Solved: Creating a variable that corresponds to number of values missing in su...

RAGC · Posted 01-21-2019 06:08 PM

Hello everyone,

I am working on a discrete-time survival analysis, and I have quite a bit of missing information on the outcome at various time points. To resolve this, I would like to create a variable that corresponds to the number of missing time points (i.e. the different intervals) to include as a covariate in the analysis. My apologies if my explanation is not that clear, but I have attached two tables that provide a visual example of what I mean. Table 1 is an example of how the dataset currently looks, and table 2 represents an example of how I would like it to look once it has been transformed appropriately.

I can get the basic array that would restructure the data from long to wide:

DATA long;
SET wide;
DO Time=1 TO duration;
IF Time=duration AND event=1 THEN death=1;
ELSE death=0;
OUTPUT;
END;
RUN;

It is just adding in that variable that corresponds to the exact number that were missing in between, and then flagging it as dying or not dying at that final time period where there is data.

Any suggestions would be much appreciated!

mkeintz · Posted 01-21-2019 08:22 PM

For each incoming record you want to output as many records as there are 0's or 1's in the DEATH1-DEATH6 variables. So if there are three such values, you want to output a record for timeptn=1, timeptn=2, and timeptn=3.

And for each output record the interval_length is just the count of columns between the current death=0/1 and the preceding death=0/1. Or for timeptn=1 it's just the position of the 0/1 value in the list of death variables. The sum of interval_length values should equal duration:

data have;
  infile datalines missover;
  input ID Duration Event Death1 Death2 Death3 Death4 Death5 Death6;
datalines;
1 3 1 . 0 1  
2 5 0 0 0 . . 0   
3 3 0 . . 0       
4 1 1 1           
5 6 0 . . . . . 0
run;
 
data want (drop=t);
  set have;
  array dth {6} death1-death6;
  timeptn=1;
  do t=1 to duration;
    if dth{t}=0 or dth{t}=1 then do;
      interval_length=ifn(timeptn=1,t,dif(t));
      death=dth{t};
      output;
      timeptn=timeptn+1;
    end;
  end;
run;

The interesting part is within the "if dth{t}=0 or dth{t}=1 then do" group.

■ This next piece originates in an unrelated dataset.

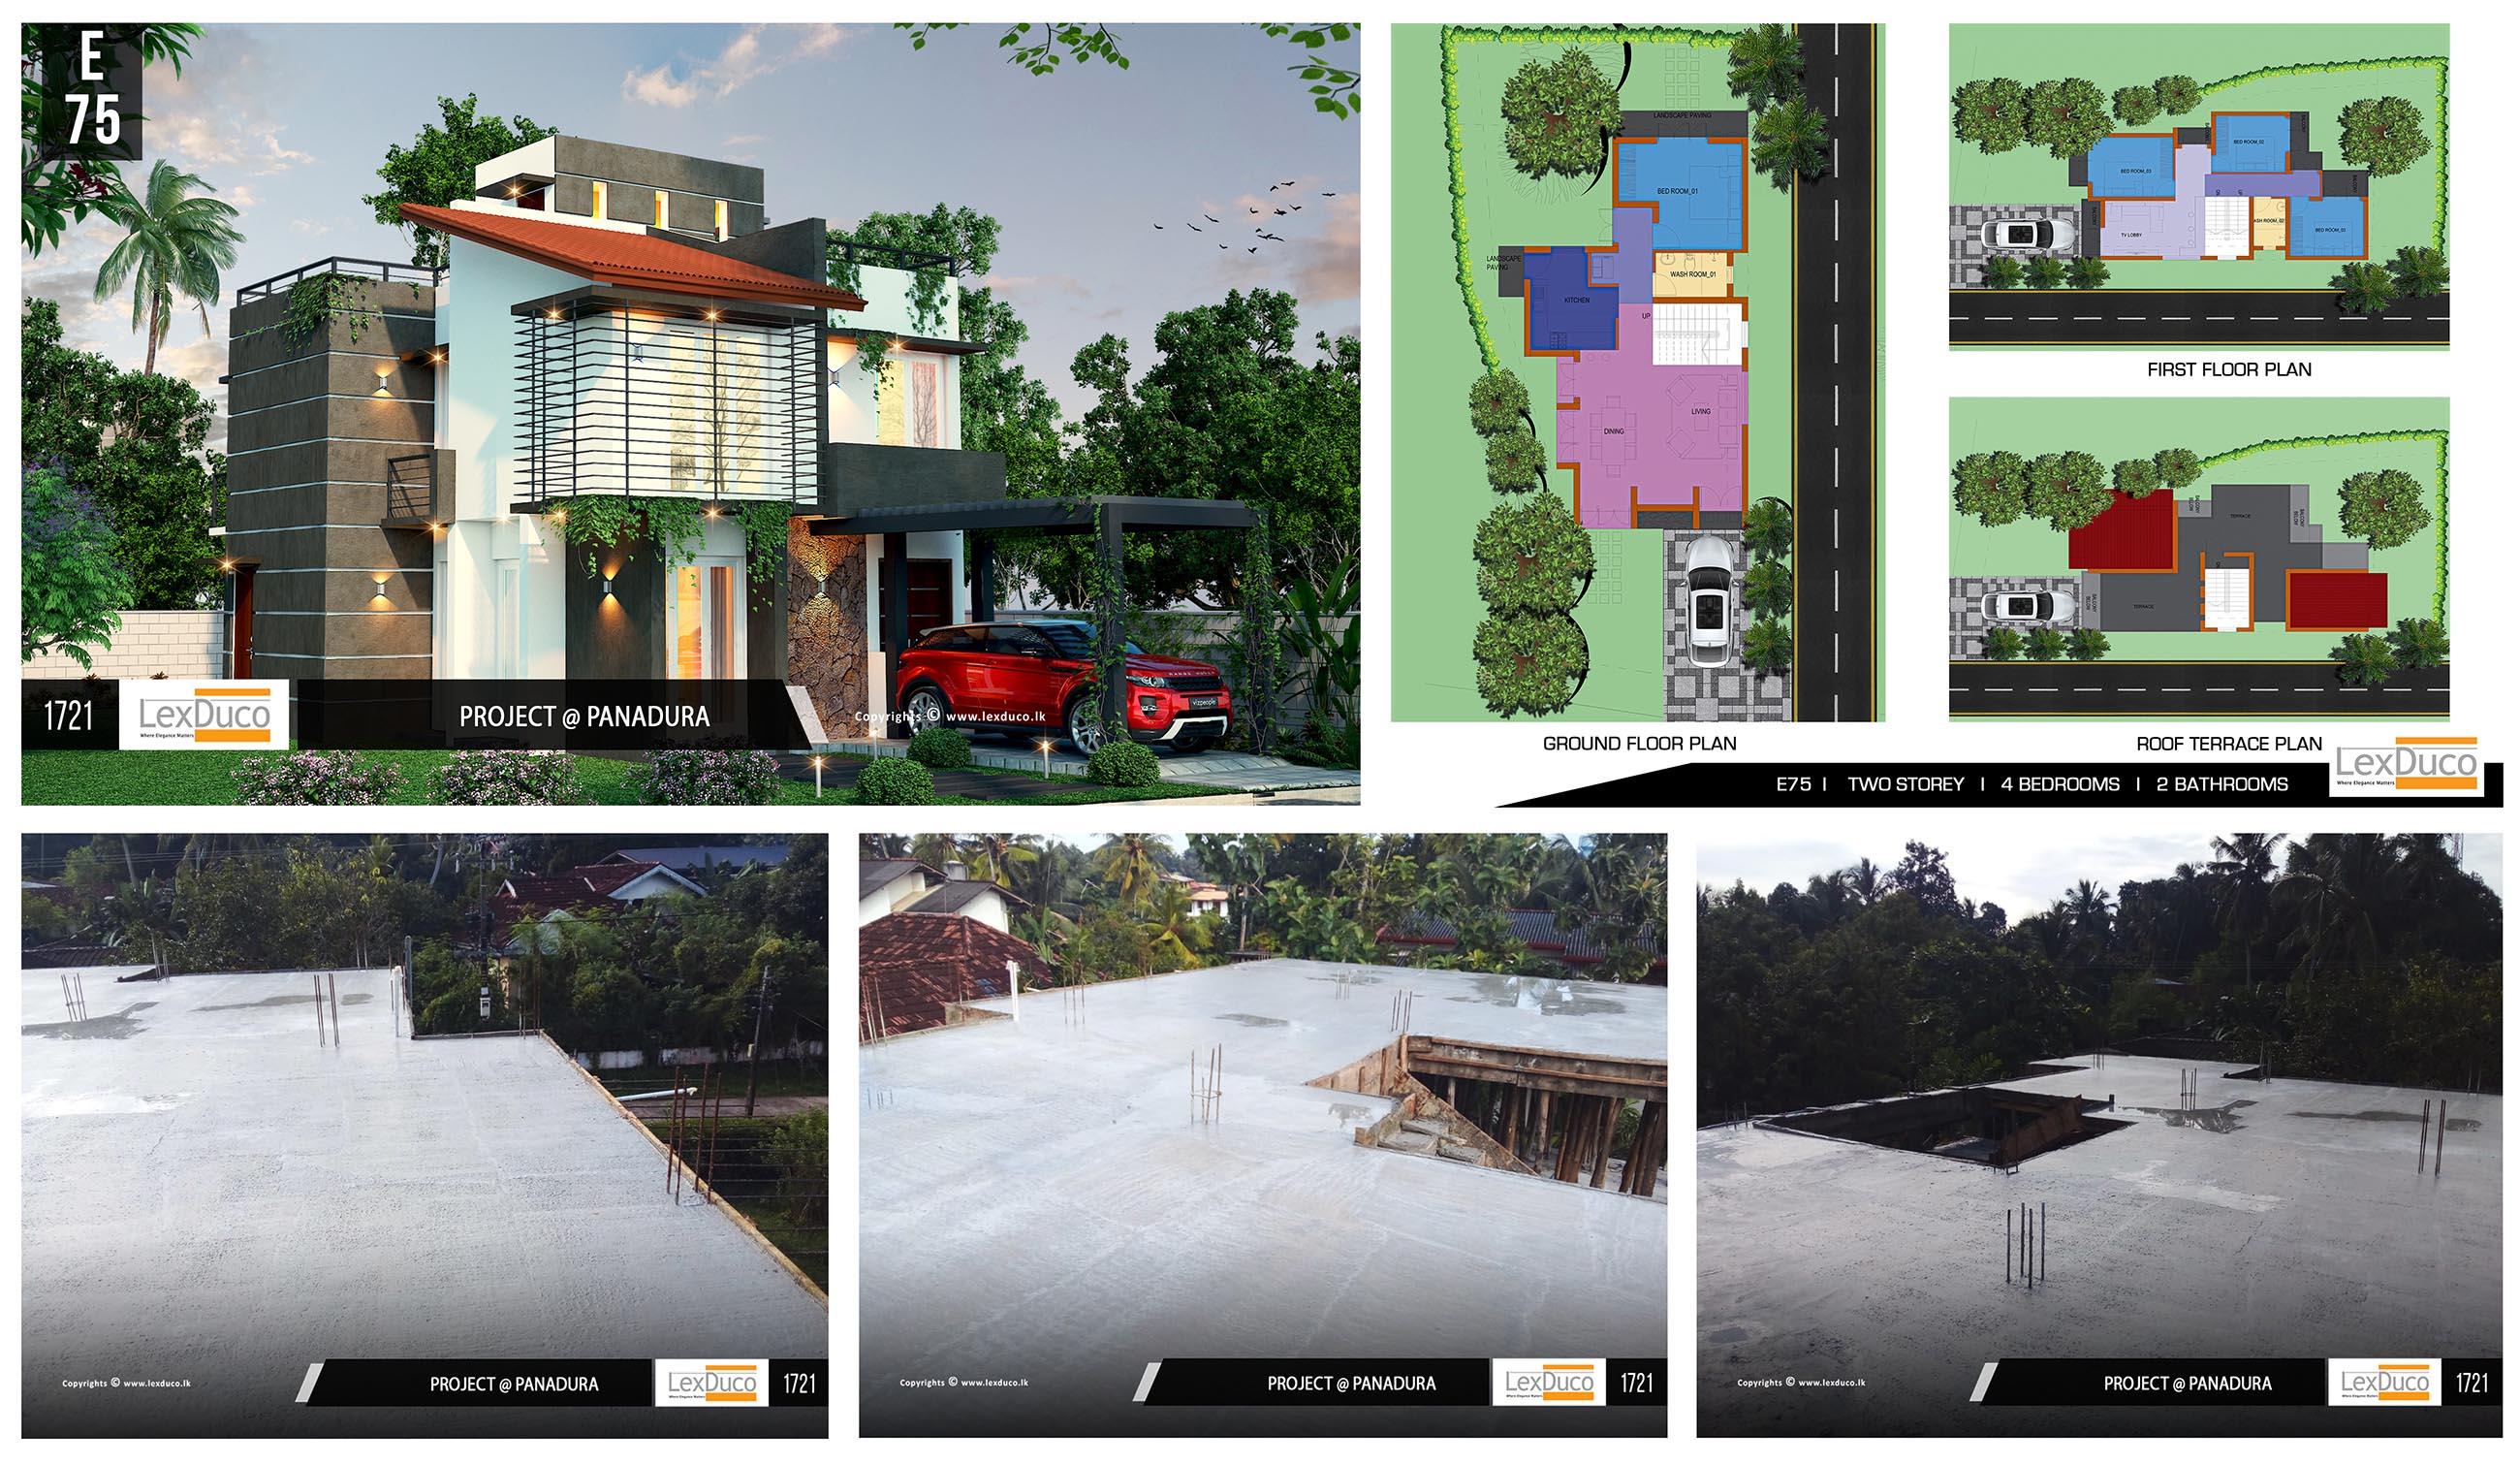 Residential Housing Project at Panadura | Lex Duco

It calculates interval_length as either the value for t (if timeptn=1) or otherwise the difference between the current t and the most recent t for a death=0 or 1. The DIF function is defined as dif(x)=x-lag(x).
The death dummy assignment is obvious.
Then the record is output and timeptn is incremented

--------------------------
The hash OUTPUT method will overwrite a SAS data set, but not append. That can be costly. Consider voting for Add a HASH object method which would append a hash object to an existing SAS data set

Would enabling PROC SORT to simultaneously output multiple datasets be useful? Then vote for
Allow PROC SORT to output multiple datasets

--------------------------

View solution in original post

Reeza · Posted 01-21-2019 06:26 PM

Is interval length what you want to calculate? If so, how is that being calculated. To me, for ID 1 they should be the same?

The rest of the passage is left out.